■ **TASK ITEM**: Keep the images out while you set down the data exactly.

■ **INFORMATION SHOWN**:
BEGIN

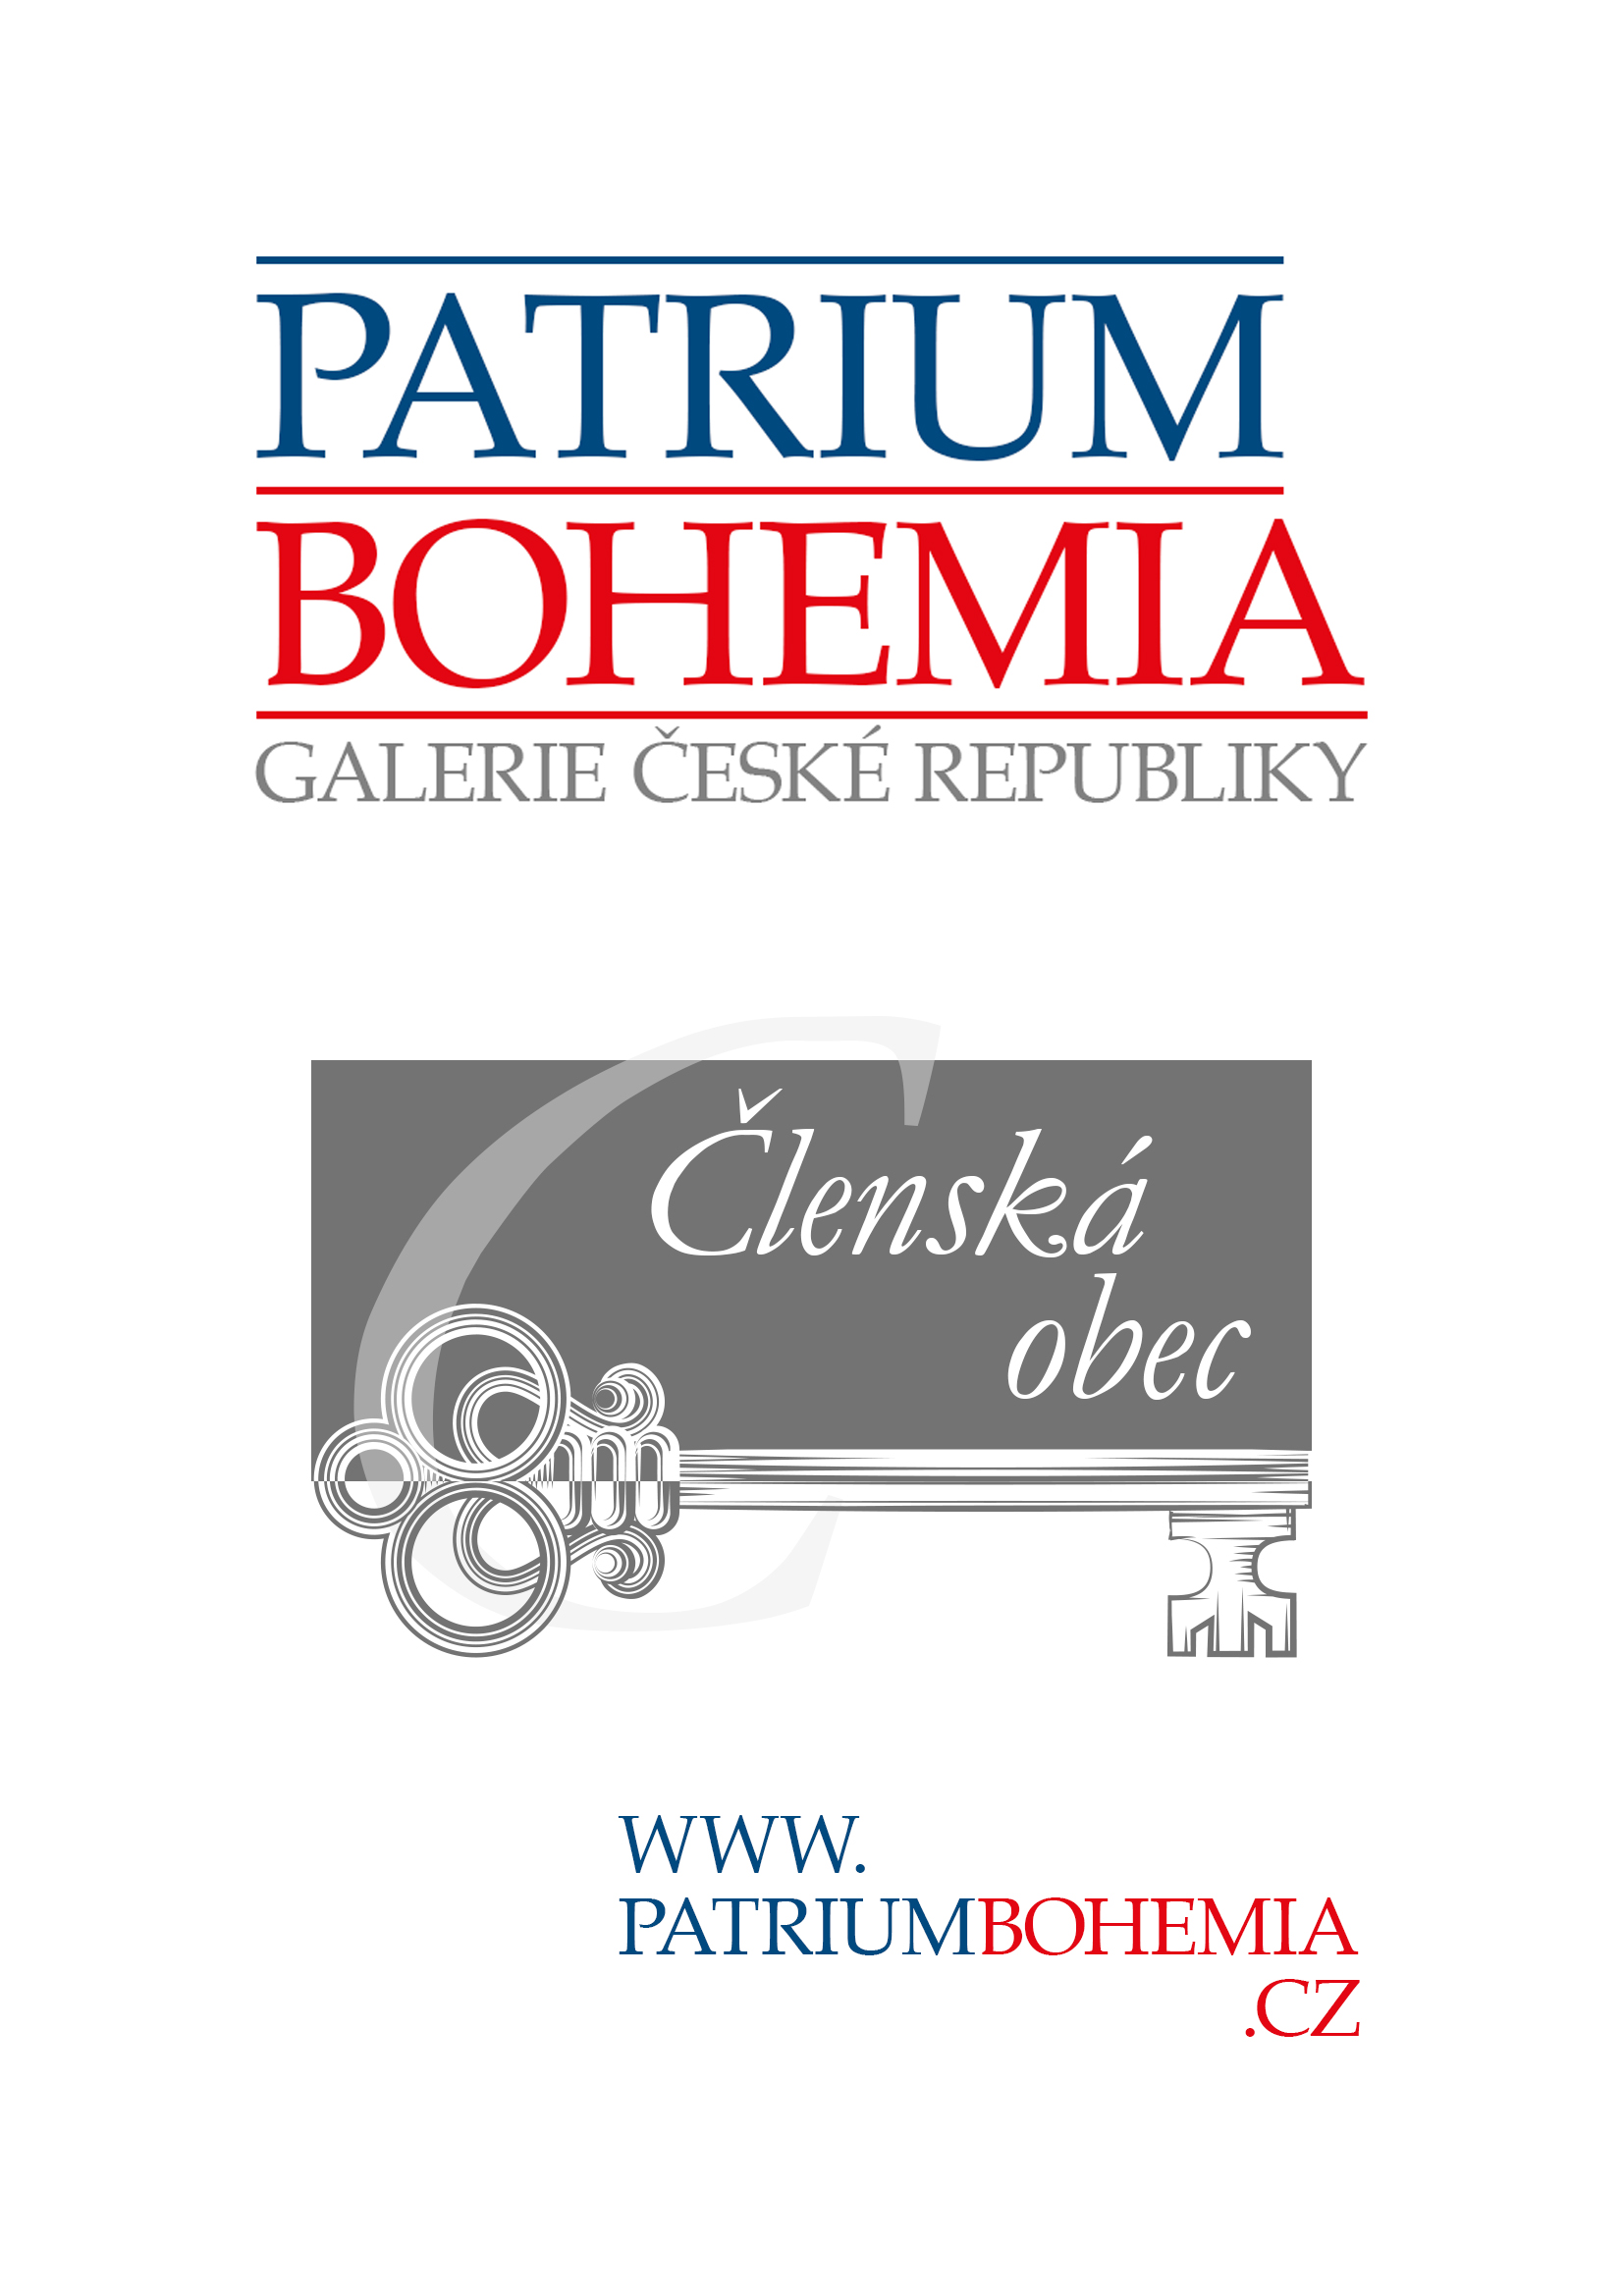 Plakát A4 Patrium Bohemia.
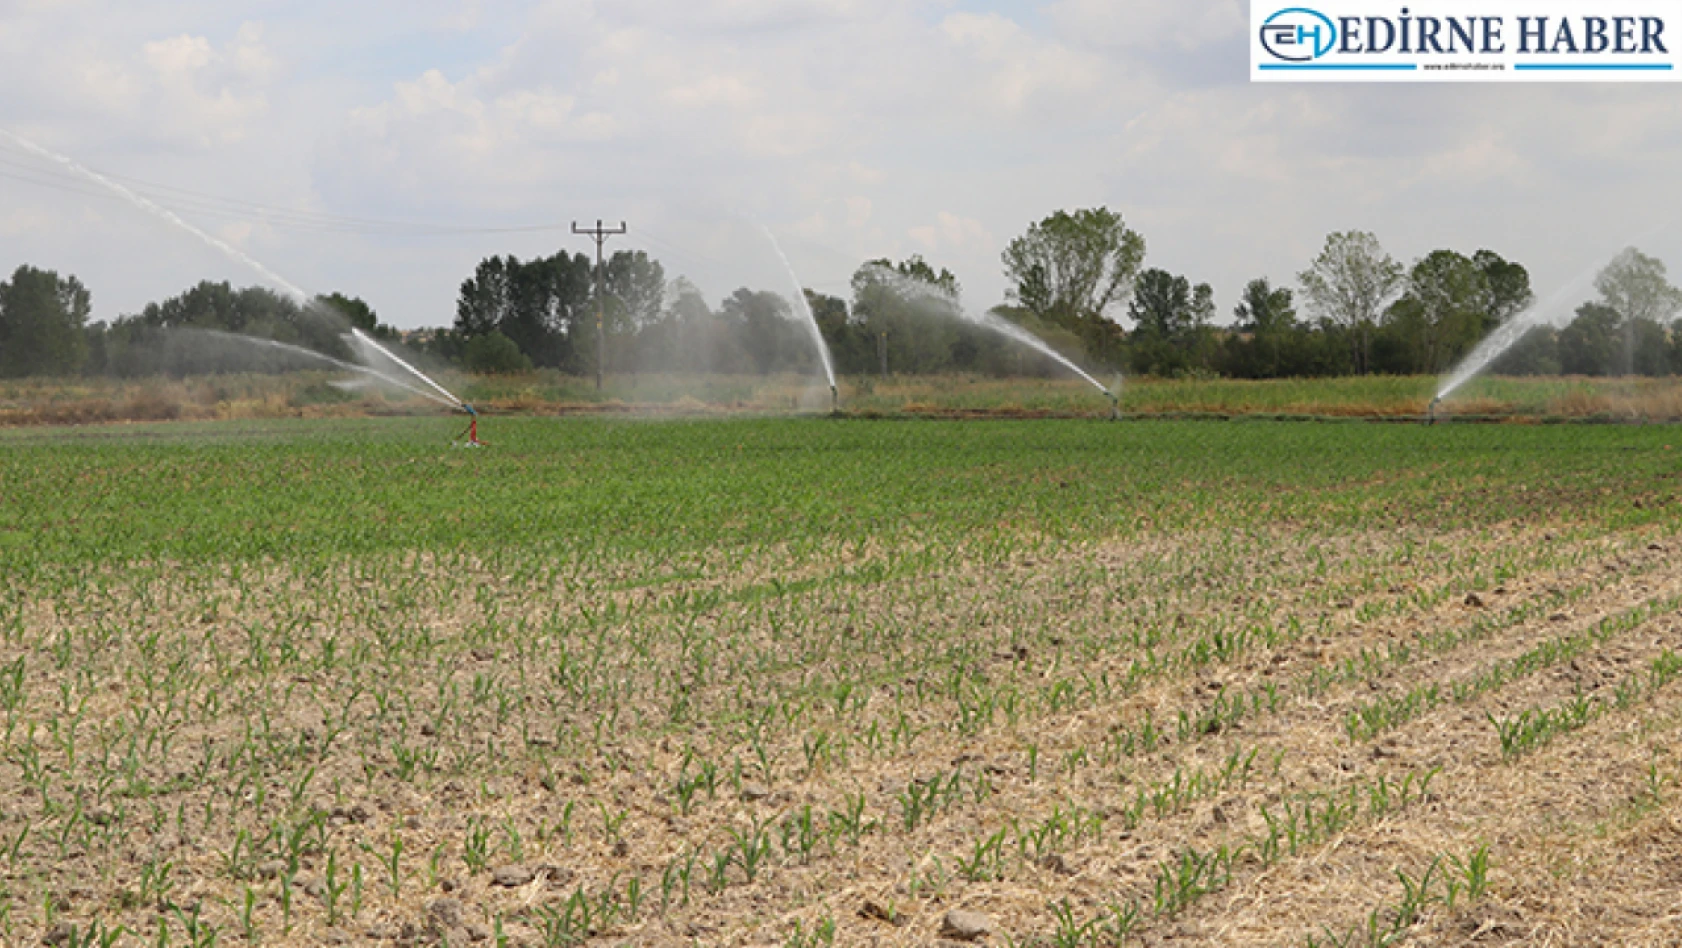 Edirne'de 22 bin 500 dekarlık tarım arazisi kapalı sistemle suya kavuşturuldu 
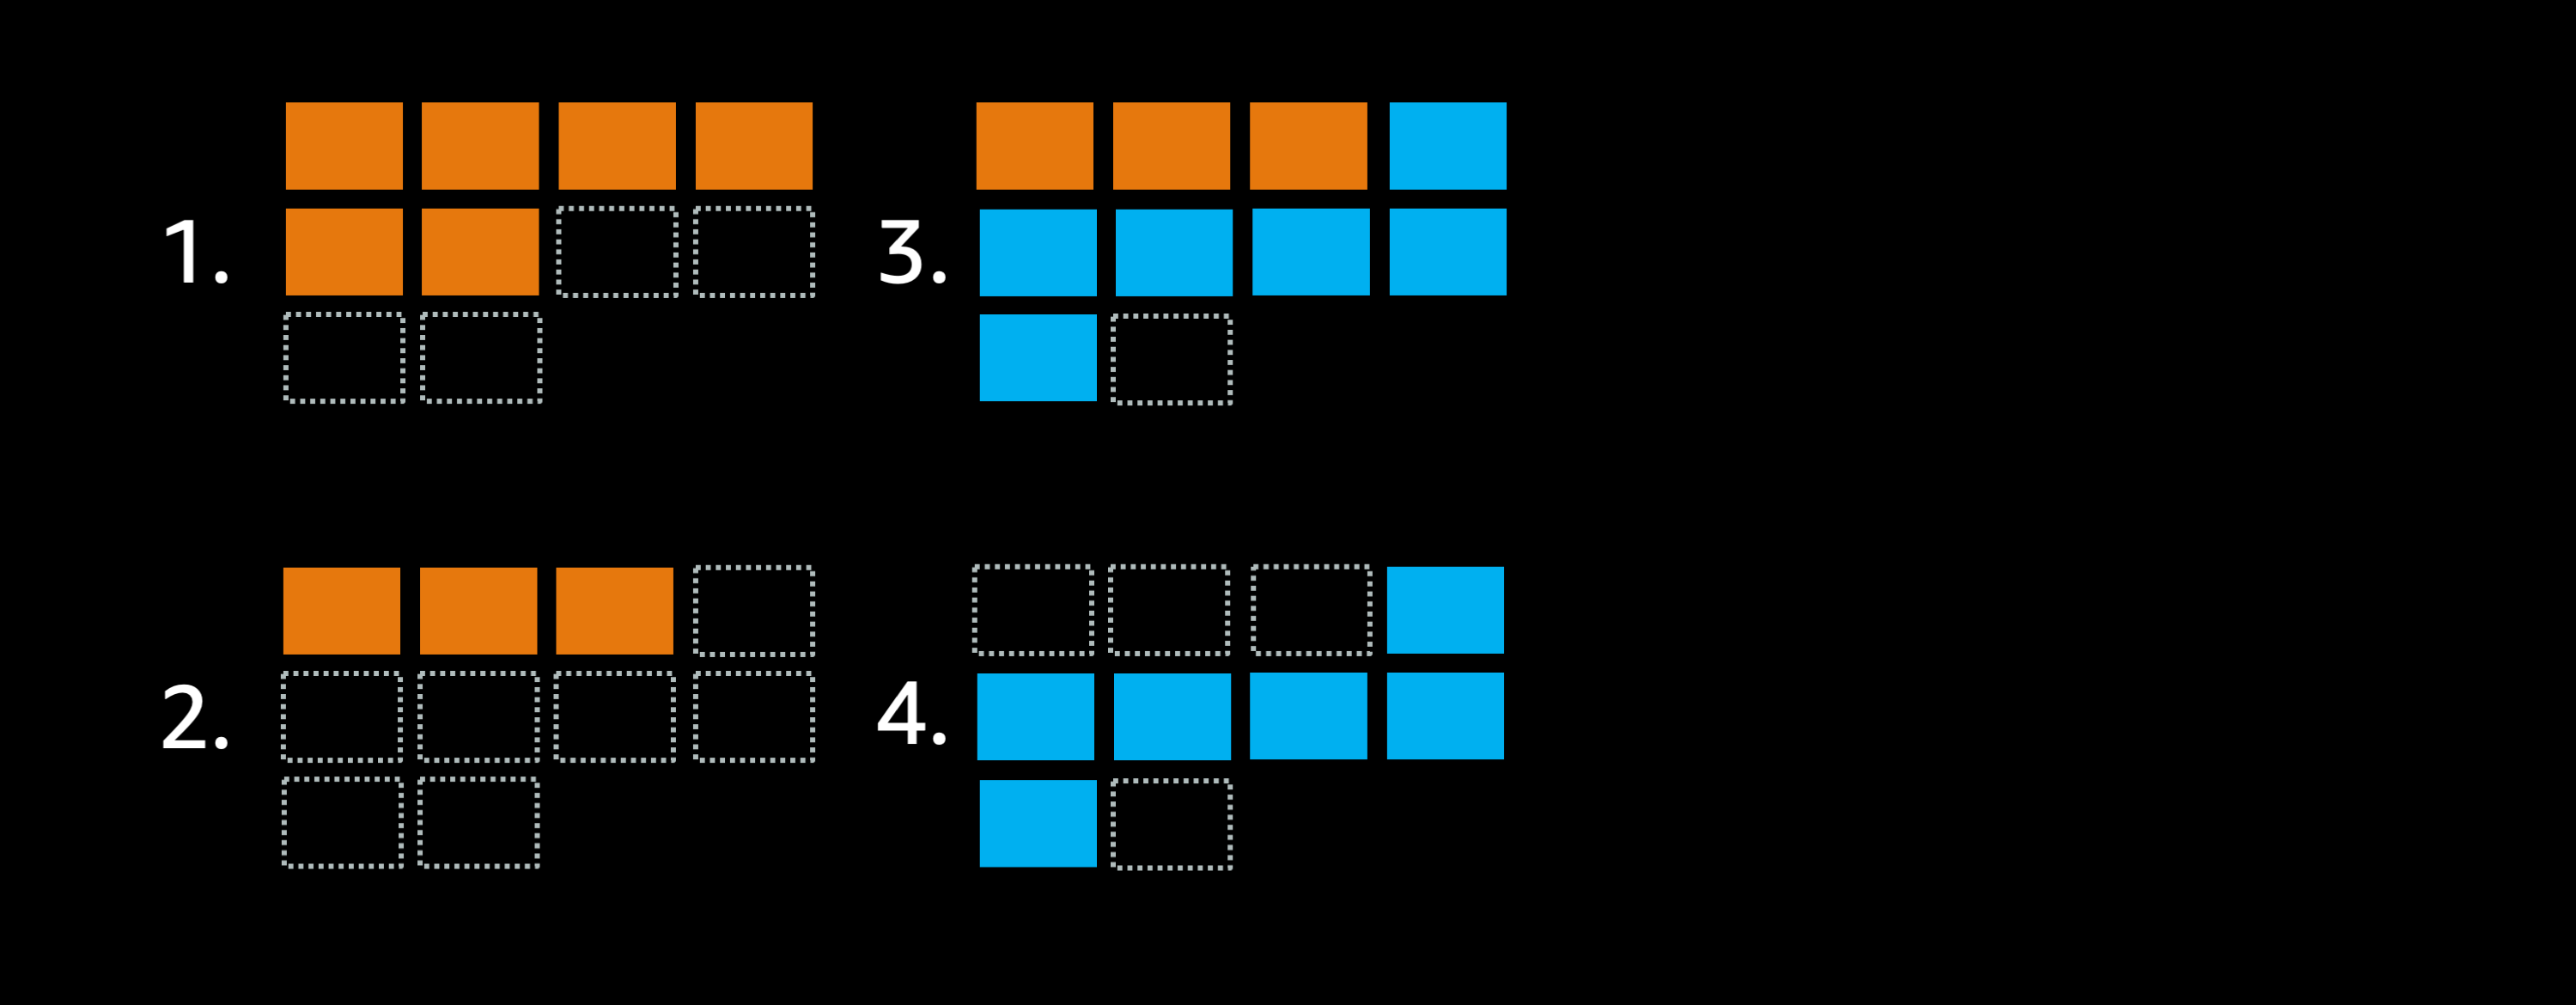 クラスタの最大配置可能タスク数を8から10に拡張し、minimumHealthyPercent = 50% に設定した場合

END

■ **WRITTEN RESPONSE**:
 Plakát A4 Patrium Bohemia.
 Edirne'de 22 bin 500 dekarlık tarım arazisi kapalı sistemle suya kavuşturuldu 
 クラスタの最大配置可能タスク数を8から10に拡張し、minimumHealthyPercent = 50% に設定した場合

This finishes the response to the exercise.